_WHAT THE TASK REQUIRES_
The data below holds a line containing "1. What is Wakelet?" and a line containing "Parkwood Estate Bride"; please quote exactly those two lines and every line between them, and nothing else.

#### MATERIAL PROVIDED ####

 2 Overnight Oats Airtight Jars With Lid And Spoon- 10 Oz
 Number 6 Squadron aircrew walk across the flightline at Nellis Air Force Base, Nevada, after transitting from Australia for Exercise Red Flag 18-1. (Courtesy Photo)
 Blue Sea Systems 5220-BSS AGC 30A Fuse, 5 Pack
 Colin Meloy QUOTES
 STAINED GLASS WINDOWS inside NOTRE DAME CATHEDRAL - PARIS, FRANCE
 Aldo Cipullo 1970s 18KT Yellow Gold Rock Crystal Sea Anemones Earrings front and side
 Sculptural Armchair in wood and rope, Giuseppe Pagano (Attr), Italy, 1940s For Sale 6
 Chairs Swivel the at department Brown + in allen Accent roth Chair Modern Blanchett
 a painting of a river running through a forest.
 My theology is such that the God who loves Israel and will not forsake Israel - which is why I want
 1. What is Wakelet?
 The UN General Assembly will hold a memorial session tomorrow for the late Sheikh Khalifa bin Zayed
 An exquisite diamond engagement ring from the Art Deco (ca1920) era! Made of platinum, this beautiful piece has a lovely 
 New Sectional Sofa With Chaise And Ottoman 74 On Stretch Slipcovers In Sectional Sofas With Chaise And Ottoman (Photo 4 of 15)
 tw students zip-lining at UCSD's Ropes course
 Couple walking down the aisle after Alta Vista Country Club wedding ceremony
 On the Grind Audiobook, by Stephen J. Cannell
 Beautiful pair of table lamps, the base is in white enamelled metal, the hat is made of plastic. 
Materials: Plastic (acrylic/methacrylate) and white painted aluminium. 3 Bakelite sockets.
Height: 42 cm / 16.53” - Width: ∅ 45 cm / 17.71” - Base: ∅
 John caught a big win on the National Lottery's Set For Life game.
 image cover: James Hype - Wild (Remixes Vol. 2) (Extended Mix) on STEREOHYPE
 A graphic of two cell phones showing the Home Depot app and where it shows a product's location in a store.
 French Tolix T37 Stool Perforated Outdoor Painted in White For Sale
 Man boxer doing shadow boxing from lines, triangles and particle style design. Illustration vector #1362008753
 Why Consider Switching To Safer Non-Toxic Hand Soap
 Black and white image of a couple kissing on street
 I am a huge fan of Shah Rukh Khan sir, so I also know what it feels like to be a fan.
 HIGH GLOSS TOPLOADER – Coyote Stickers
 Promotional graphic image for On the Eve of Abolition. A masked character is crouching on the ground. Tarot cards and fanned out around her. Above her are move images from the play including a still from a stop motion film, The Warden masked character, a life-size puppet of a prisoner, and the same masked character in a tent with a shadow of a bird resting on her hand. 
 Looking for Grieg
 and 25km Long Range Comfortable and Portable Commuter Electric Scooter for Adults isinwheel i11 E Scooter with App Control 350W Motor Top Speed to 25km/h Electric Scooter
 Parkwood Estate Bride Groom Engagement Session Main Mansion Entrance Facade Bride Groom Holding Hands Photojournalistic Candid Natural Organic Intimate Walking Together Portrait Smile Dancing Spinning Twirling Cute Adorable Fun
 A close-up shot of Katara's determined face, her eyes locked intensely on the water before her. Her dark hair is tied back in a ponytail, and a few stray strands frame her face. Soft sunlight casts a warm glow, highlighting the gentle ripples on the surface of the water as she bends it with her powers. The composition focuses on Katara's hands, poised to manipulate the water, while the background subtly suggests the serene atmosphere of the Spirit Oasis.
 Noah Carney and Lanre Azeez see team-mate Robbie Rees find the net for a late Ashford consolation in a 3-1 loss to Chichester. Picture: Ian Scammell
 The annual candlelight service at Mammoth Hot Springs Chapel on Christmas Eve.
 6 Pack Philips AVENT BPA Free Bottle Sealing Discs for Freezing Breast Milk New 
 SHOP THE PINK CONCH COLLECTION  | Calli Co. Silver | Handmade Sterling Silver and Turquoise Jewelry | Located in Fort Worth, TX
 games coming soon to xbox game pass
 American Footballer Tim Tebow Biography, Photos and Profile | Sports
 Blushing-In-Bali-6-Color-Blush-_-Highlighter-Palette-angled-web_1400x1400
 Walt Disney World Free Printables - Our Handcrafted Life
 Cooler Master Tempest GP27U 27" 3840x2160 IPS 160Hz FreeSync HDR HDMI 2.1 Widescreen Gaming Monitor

####

_ANSWER TO THIS TASK_
 1. What is Wakelet?
 The UN General Assembly will hold a memorial session tomorrow for the late Sheikh Khalifa bin Zayed
 An exquisite diamond engagement ring from the Art Deco (ca1920) era! Made of platinum, this beautiful piece has a lovely 
 New Sectional Sofa With Chaise And Ottoman 74 On Stretch Slipcovers In Sectional Sofas With Chaise And Ottoman (Photo 4 of 15)
 tw students zip-lining at UCSD's Ropes course
 Couple walking down the aisle after Alta Vista Country Club wedding ceremony
 On the Grind Audiobook, by Stephen J. Cannell
 Beautiful pair of table lamps, the base is in white enamelled metal, the hat is made of plastic. 
Materials: Plastic (acrylic/methacrylate) and white painted aluminium. 3 Bakelite sockets.
Height: 42 cm / 16.53” - Width: ∅ 45 cm / 17.71” - Base: ∅
 John caught a big win on the National Lottery's Set For Life game.
 image cover: James Hype - Wild (Remixes Vol. 2) (Extended Mix) on STEREOHYPE
 A graphic of two cell phones showing the Home Depot app and where it shows a product's location in a store.
 French Tolix T37 Stool Perforated Outdoor Painted in White For Sale
 Man boxer doing shadow boxing from lines, triangles and particle style design. Illustration vector #1362008753
 Why Consider Switching To Safer Non-Toxic Hand Soap
 Black and white image of a couple kissing on street
 I am a huge fan of Shah Rukh Khan sir, so I also know what it feels like to be a fan.
 HIGH GLOSS TOPLOADER – Coyote Stickers
 Promotional graphic image for On the Eve of Abolition. A masked character is crouching on the ground. Tarot cards and fanned out around her. Above her are move images from the play including a still from a stop motion film, The Warden masked character, a life-size puppet of a prisoner, and the same masked character in a tent with a shadow of a bird resting on her hand. 
 Looking for Grieg
 and 25km Long Range Comfortable and Portable Commuter Electric Scooter for Adults isinwheel i11 E Scooter with App Control 350W Motor Top Speed to 25km/h Electric Scooter
 Parkwood Estate Bride Groom Engagement Session Main Mansion Entrance Facade Bride Groom Holding Hands Photojournalistic Candid Natural Organic Intimate Walking Together Portrait Smile Dancing Spinning Twirling Cute Adorable Fun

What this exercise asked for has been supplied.